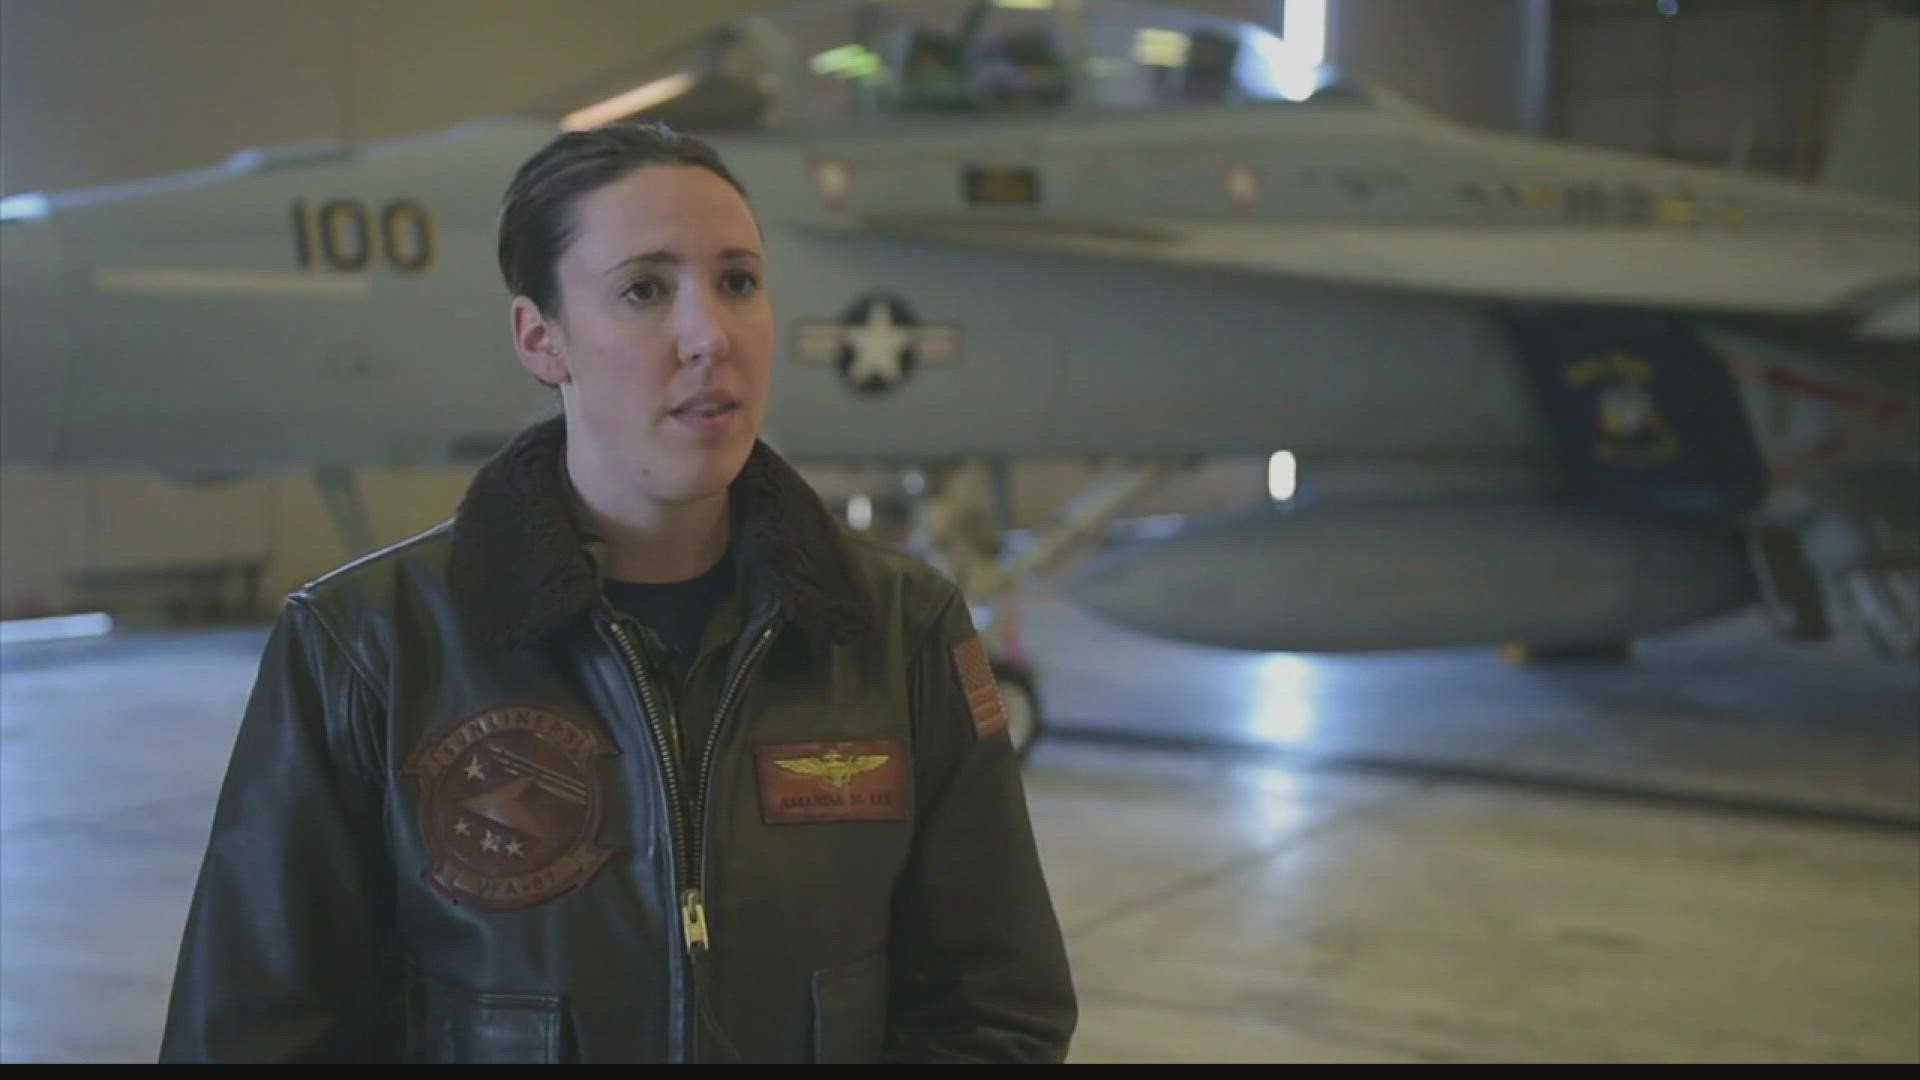 Navy Lieutenant Amanda Lee is an inspiration.
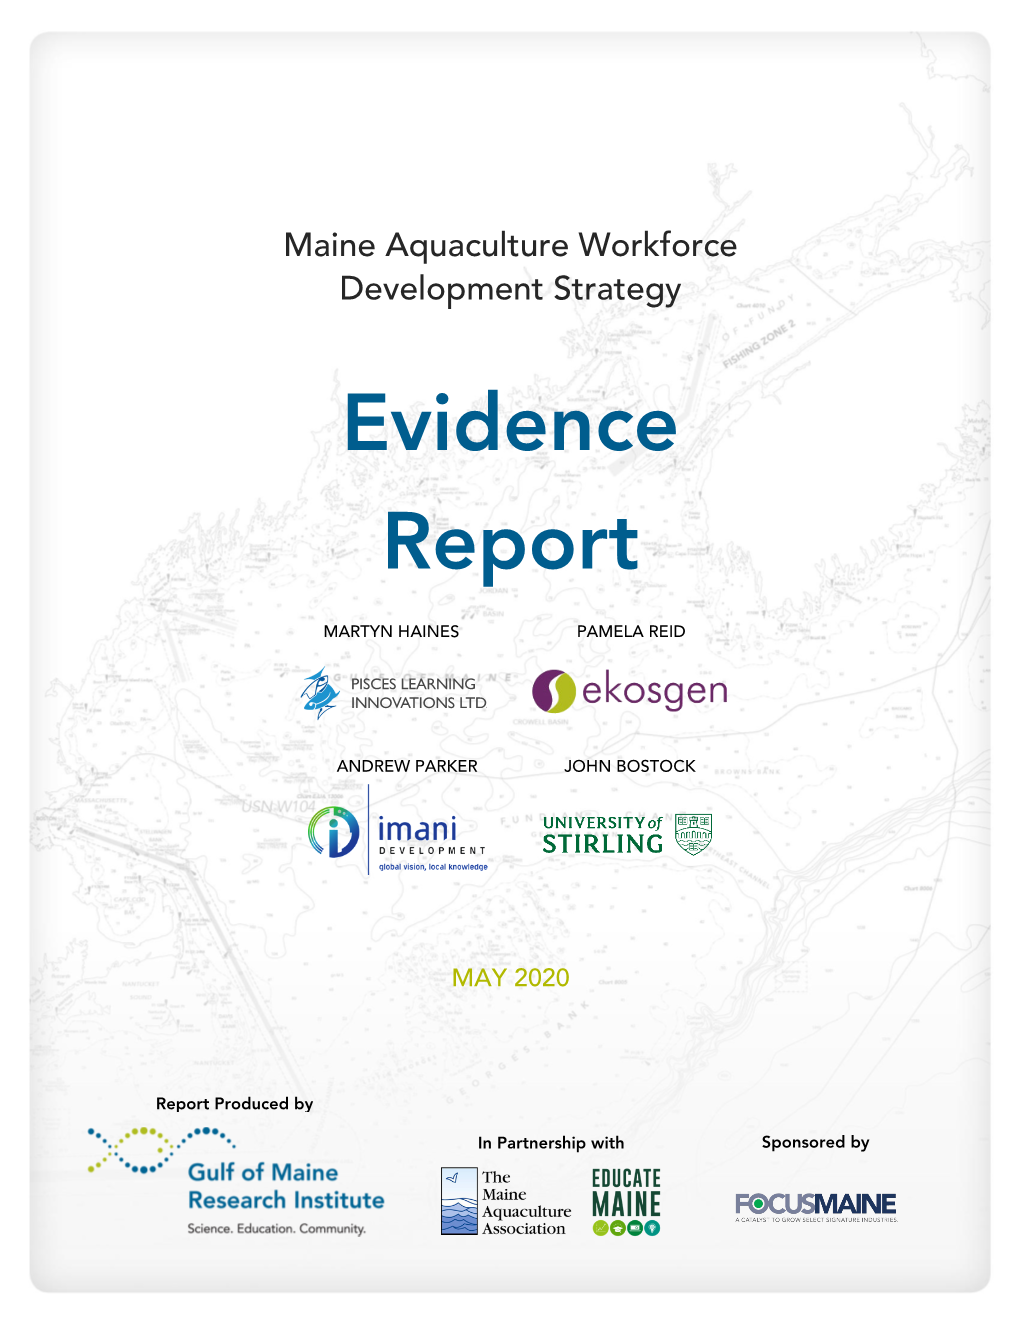 Maine Aquaculture Workforce Development Strategy Evidence Report
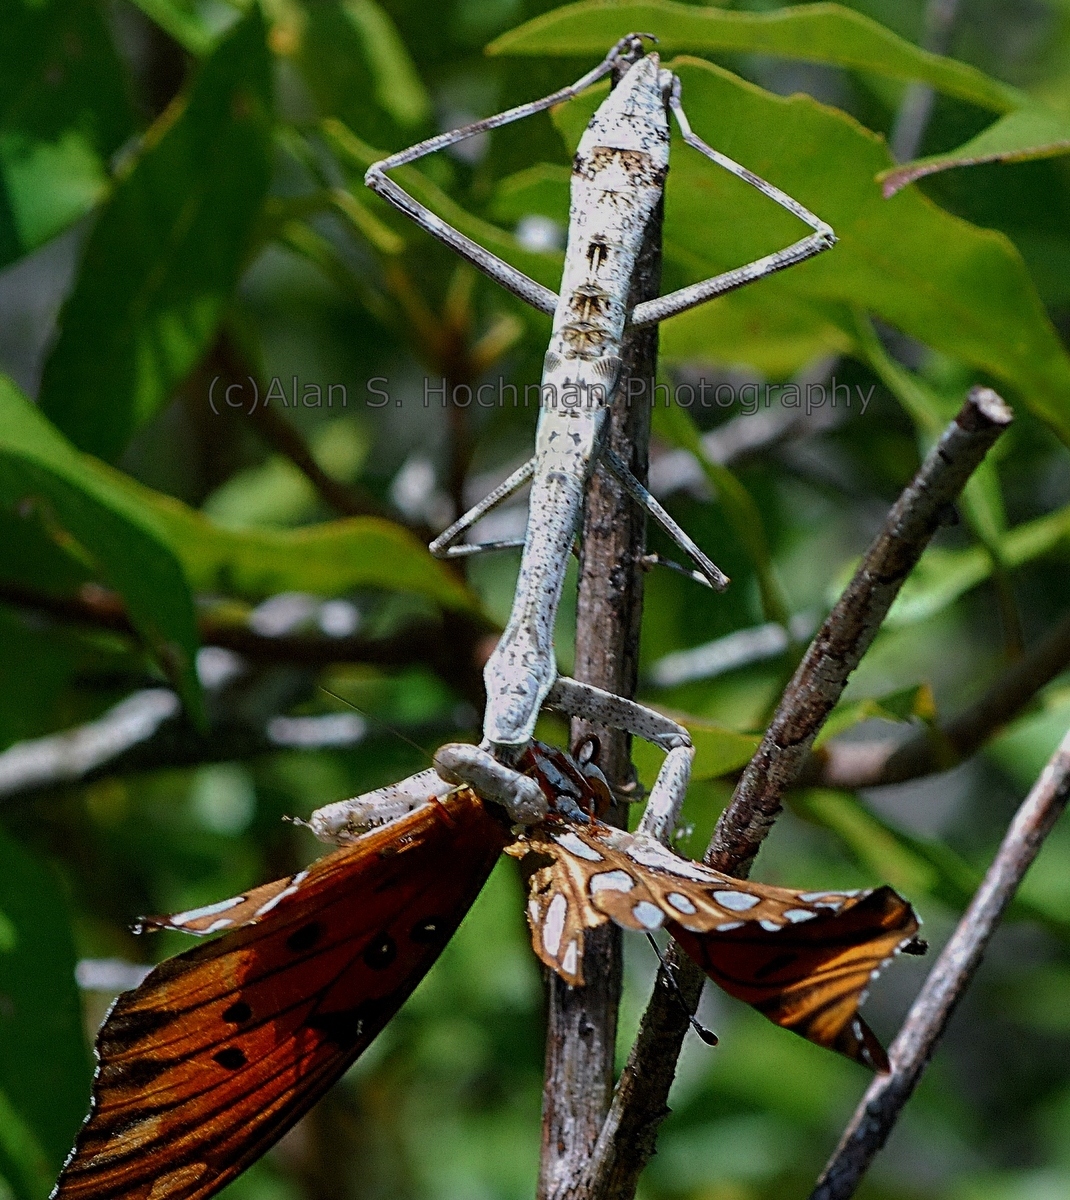 "Carolina Mantis eating Butterfly"
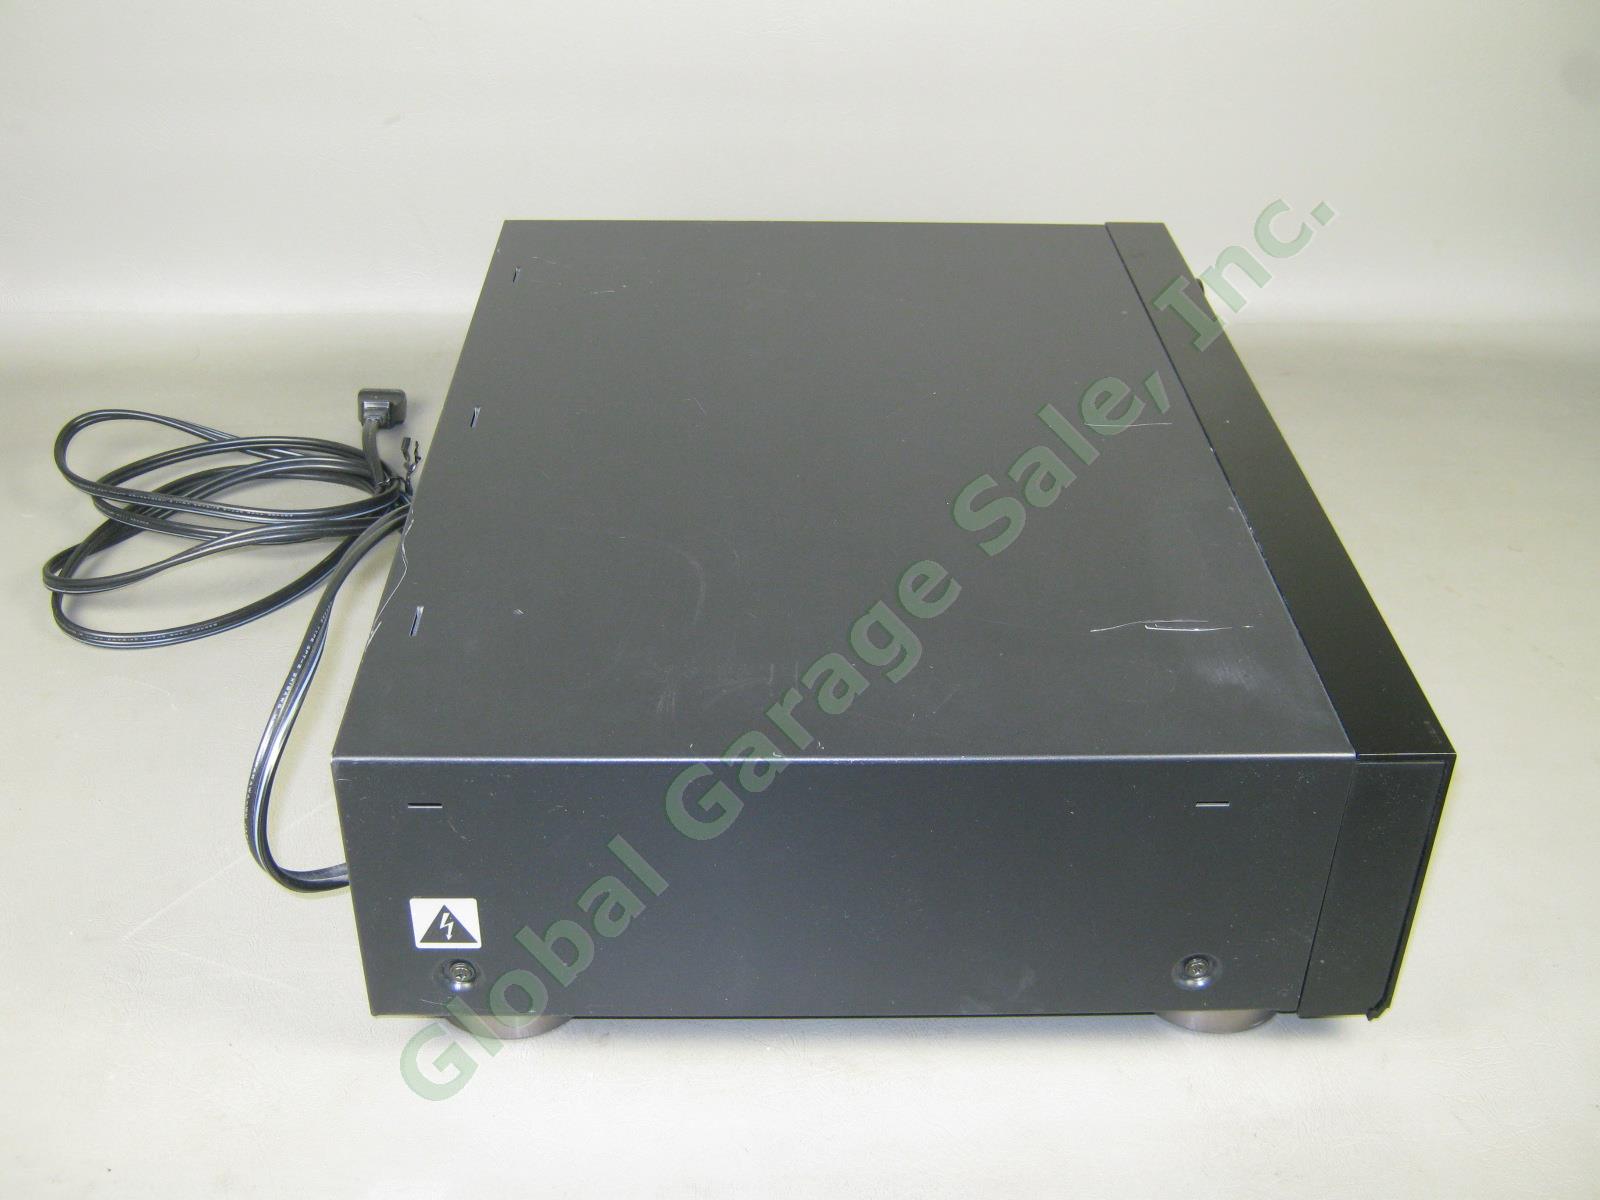 Sony DTC-700 DAT Digital Audio Tape Deck Recorder RM-D55A Remote Manual Bundle 4

-------

### EXERCISE DESCRIPTION
All lines from the one containing "Maine Aquaculture Workforce" through the end of the data are to be written out exactly, with nothing added; skip the pictures.

### REPLY
 Maine Aquaculture Workforce Development Strategy Evidence Report
 "Carolina Mantis eating Butterfly"
 Sony DTC-700 DAT Digital Audio Tape Deck Recorder RM-D55A Remote Manual Bundle 4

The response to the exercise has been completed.